A walk around of the tower showed me the flight might actually be a lot easier than the carrier landings I made as an 18-year-old Marine aviation cadet. At one end of a mile long grassy strip lay the Ecole Militaire. If I flew low over the city and dipped down to treetop level down the strip, I’d have a 30-second line up for the tower entrance. The arch is almost 200 feet high and 250 feet wide, so my 35-foot wingspan fit easily. Once through the tower, a slight climb would clear the open area between the buildings of the Trocadero Museum.

Someone has flown through the Arc de Triomphe, with mere feet to spare. In comparison, the Eiffel Tower made the aircraft carrier Lexington look like a postage stamp. You could fly a 747 through the Eiffel Tower with a bit of room to spare.

The photographer met me at the airplane on the morning of March 31, 1984, at Le Bourget Airport, home to Lindbergh’s landing some 60 years ago. As he wandered around the airplane becoming more and more nervous, I sensed he would back out of the flight. Some ideas sound great after a bottle of wine but lose their brilliance in the cold light of day. He didn’t want to risk his life on some silly, possibly suicidal flight. But then he looked into the airplane and suddenly settled down and was ready. (I later learned that the idea of the flight terrified him until he saw a $75 French ham I had put in the back of the airplane to bring back to Miami. He figured that no one with any sense would spend that kind of money on a ham before going on a suicide run.)
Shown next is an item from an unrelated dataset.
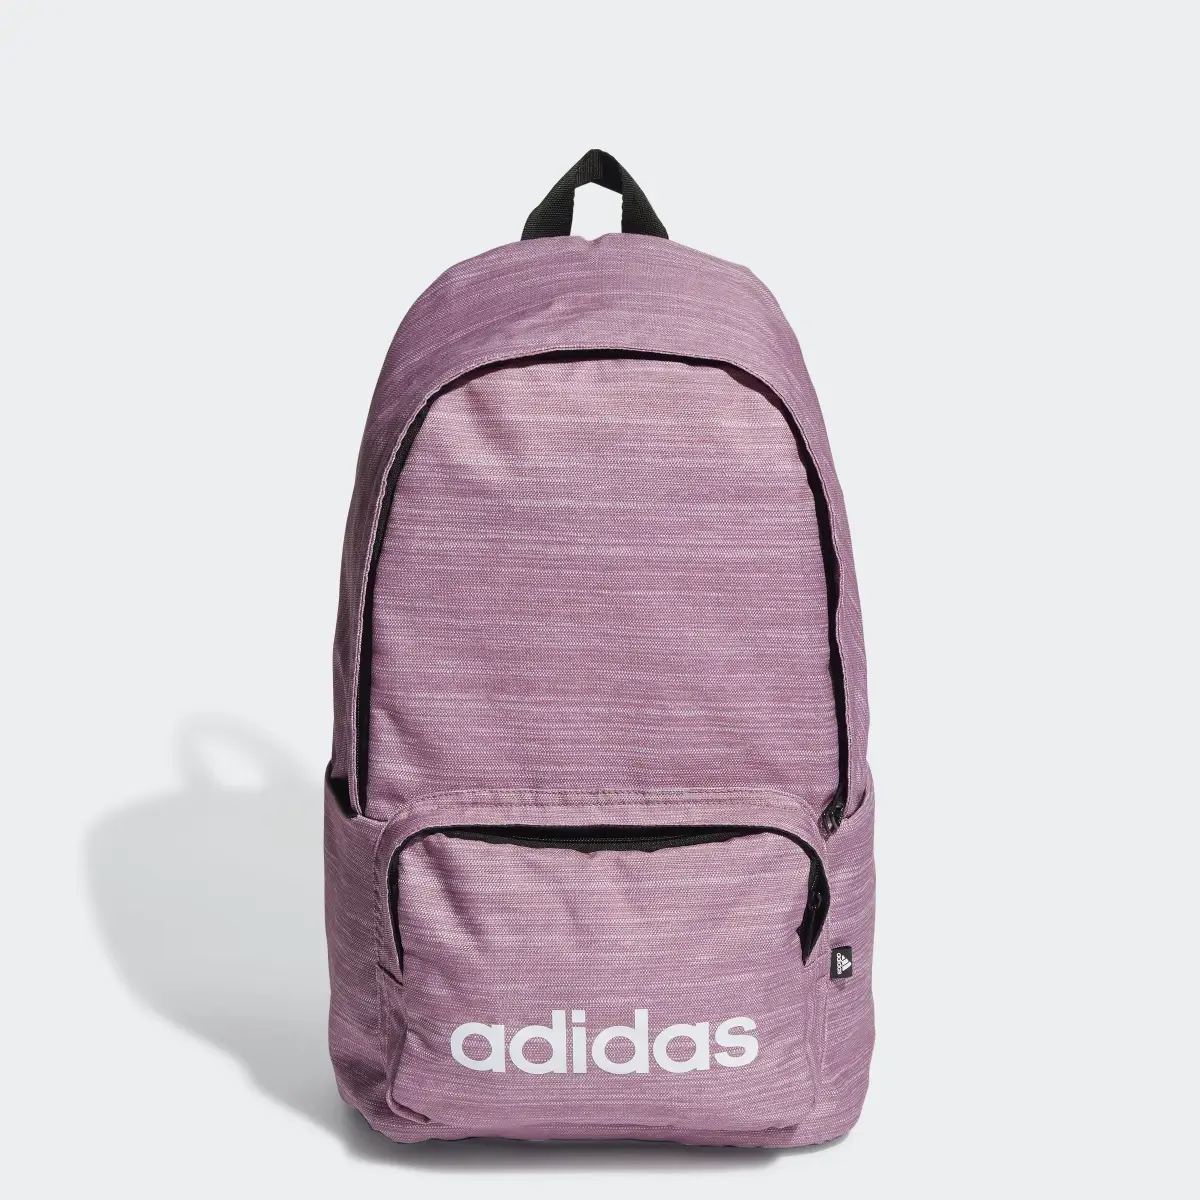 Adidas Classic Attitude Backpack. 1

I filed a visual flight plan to Shannon, Ireland, and we set off on our adventure, camera running. Dickie had a VHF radio and stood at the base of the tower. He would give me last minute information about safety in the event the authorities had caught wind of our idea. I made contact with him only to learn my way remained clear. Just as I had planned, I slid over the shoulder of the Ecole Militaire, lined up down the grassy pathway, and swooped through the span at about 11:15 on the morning of March 31, 1984.

It was a beautiful spring morning with maybe 5,000 people around the park and immediate area of the Eiffel Tower. In a few short minutes word spread to everyone that someone had flown through the Tower. Though not everyone saw the airplane, lots of people knew about it in short order.

Bonanza Plane goes under Eiffel Tower

 

After clearing the city of Paris, I landed at a small dirt strip north of the city and dropped off the cameraman.

The French authorities censored the story and no one printed a word about it until about 10 days later when the news value had died to near zero. People magazine did a story in the United States in late April of 1984.

I made only one mistake. Instead of doing the flight on the 31st of March, I should have waited one more day.

– Robert J. Moriarty


Robert J. Moriarty (born September 9, 1946) is an American Marine F-4B fighter pilot who holds the record as the youngest naval aviator (at age 20) in the Vietnam war, achieving the rank of captain in the Marines at age 22. Before leaving military service in 1970, he recorded 824 combat missions.